Task details: Reproduce exactly the run of lines that begins with the one containing "#officespace #officestyle #officedesignideas" and ends with the last line of the records, omitting pictures.

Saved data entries
++++++++
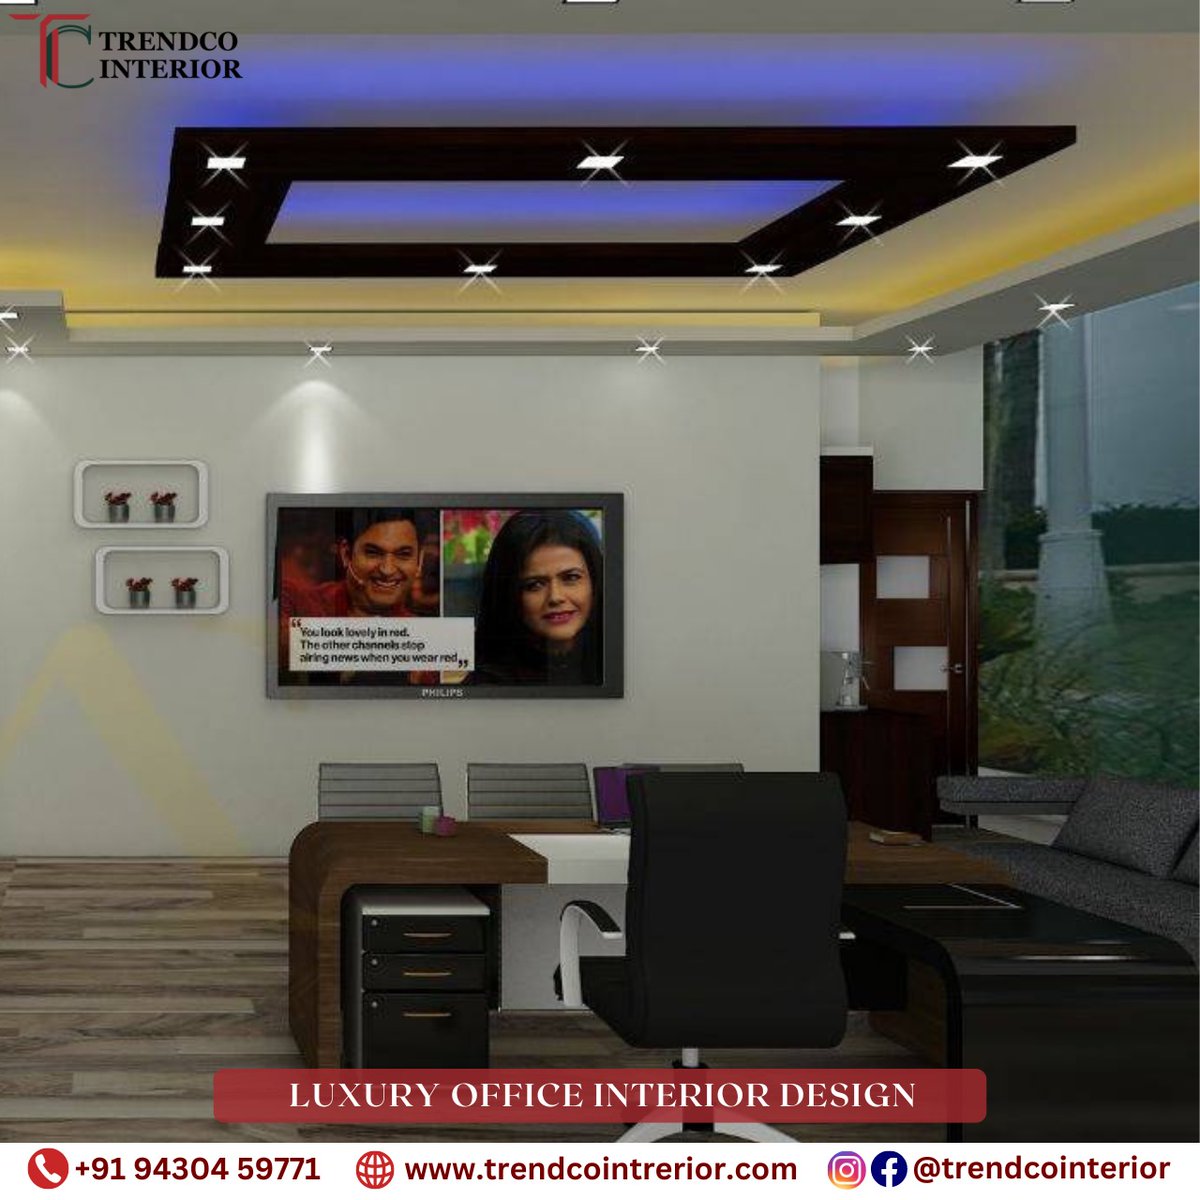 Luxury office interior design idea by the best interior designer in Patna, Trendco Interior
Click On:-bit.ly/3vISdzn
#officespace #officestyle #officedesignideas #PatnaNews #inspiration #HomeDecor #BiharNews #facebook #instagram #Patna #modernliving #patnajunction
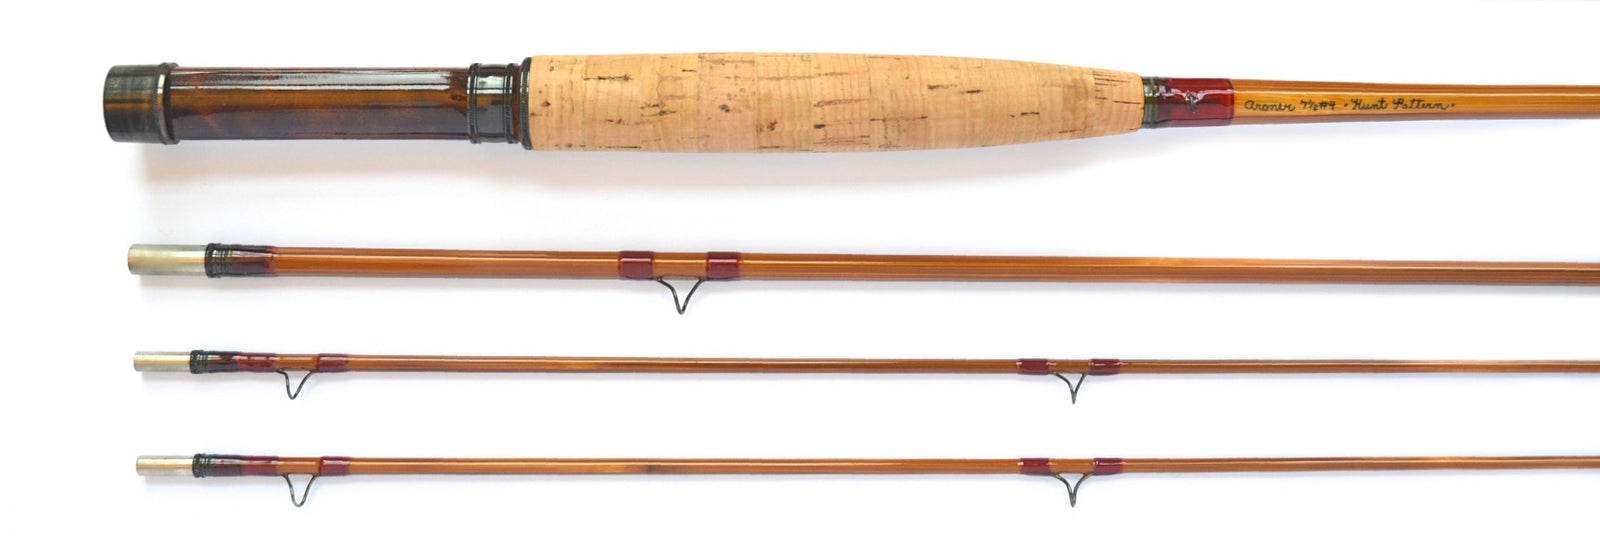 Vintage Fly Fishing, Bamboo, Flyfishing Tackle, Fishing Case
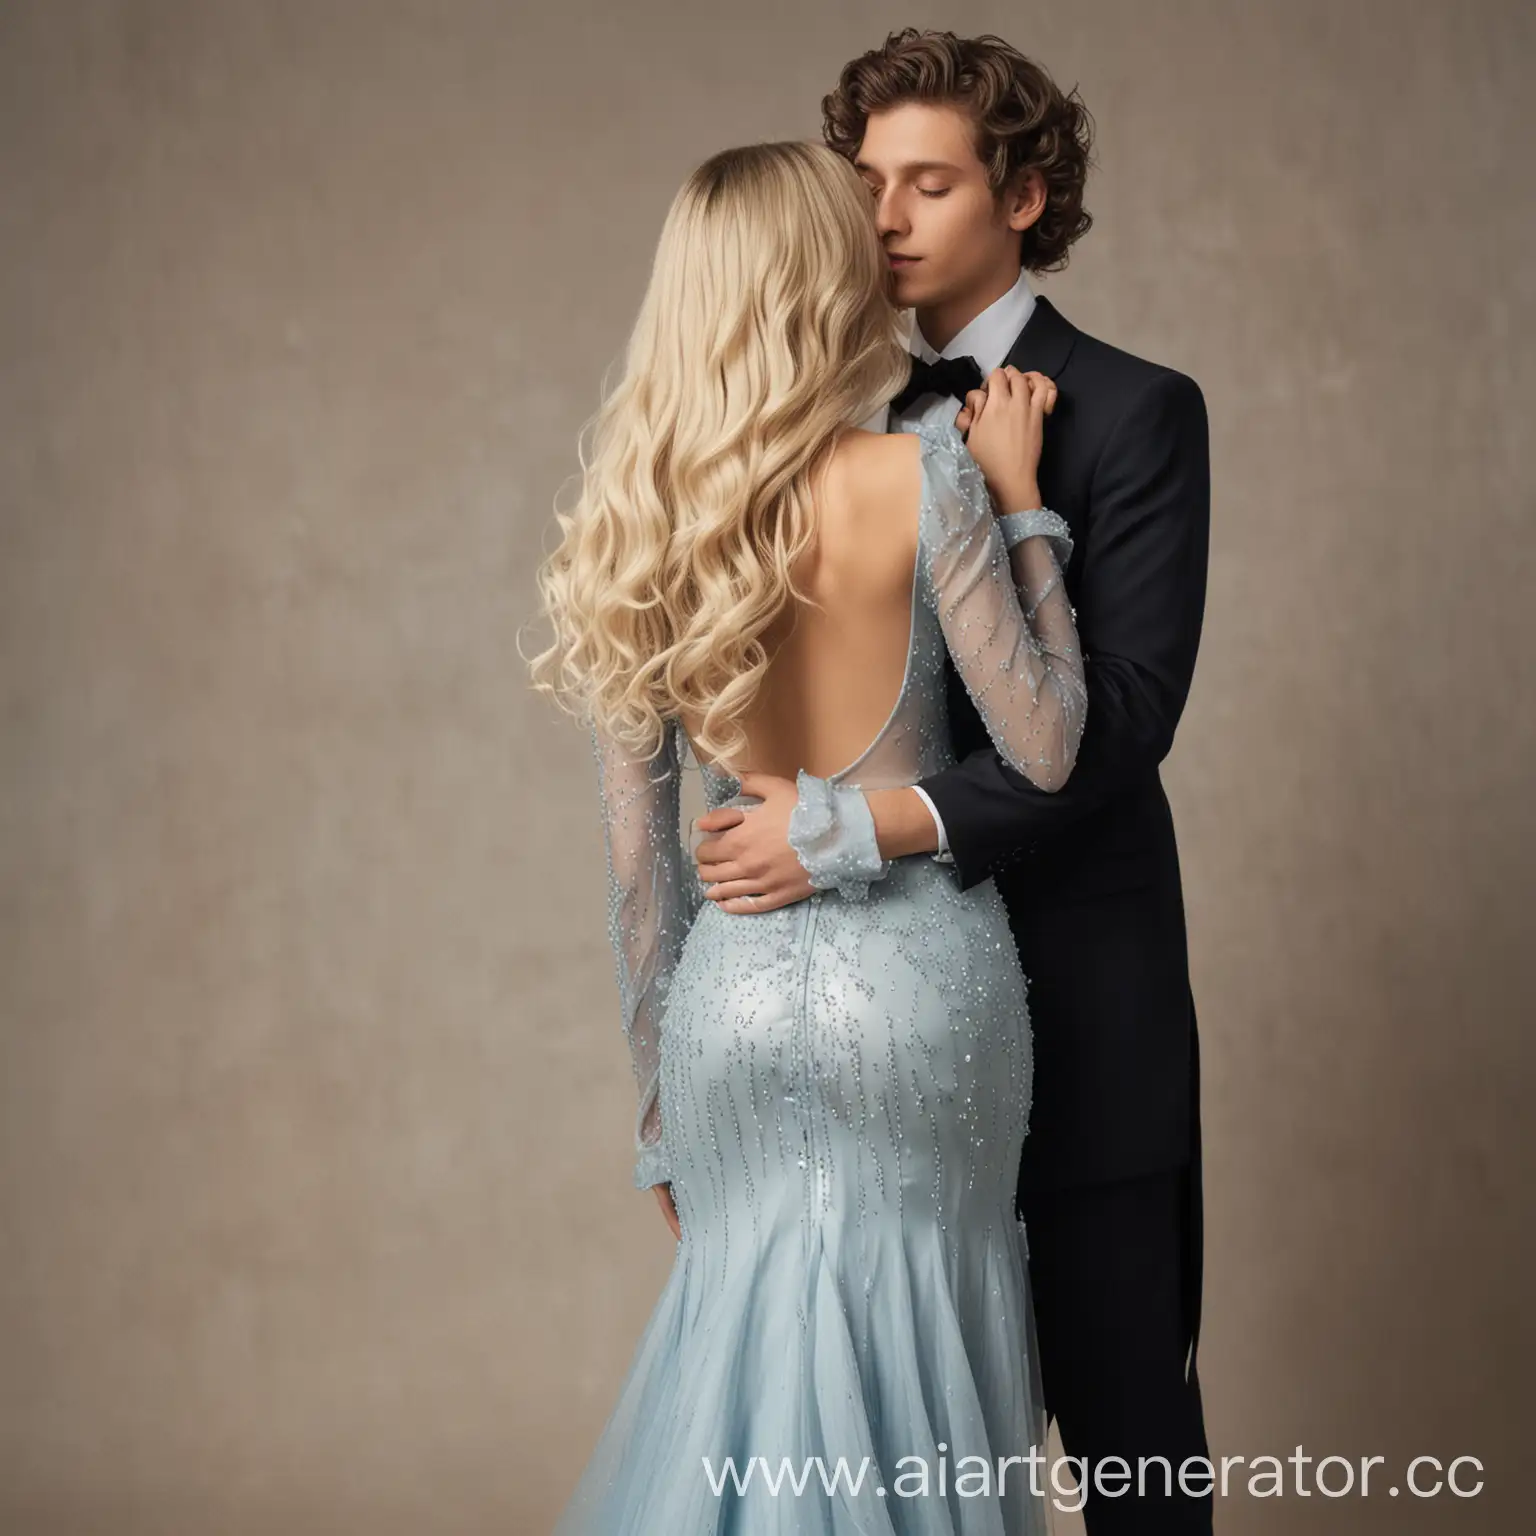 Elegant-Couple-Embracing-Romantic-Scene-with-Stylishly-Dressed-Pair
++++++++
Response to the exercise:
#officespace #officestyle #officedesignideas #PatnaNews #inspiration #HomeDecor #BiharNews #facebook #instagram #Patna #modernliving #patnajunction
 Vintage Fly Fishing, Bamboo, Flyfishing Tackle, Fishing Case
 Elegant-Couple-Embracing-Romantic-Scene-with-Stylishly-Dressed-Pair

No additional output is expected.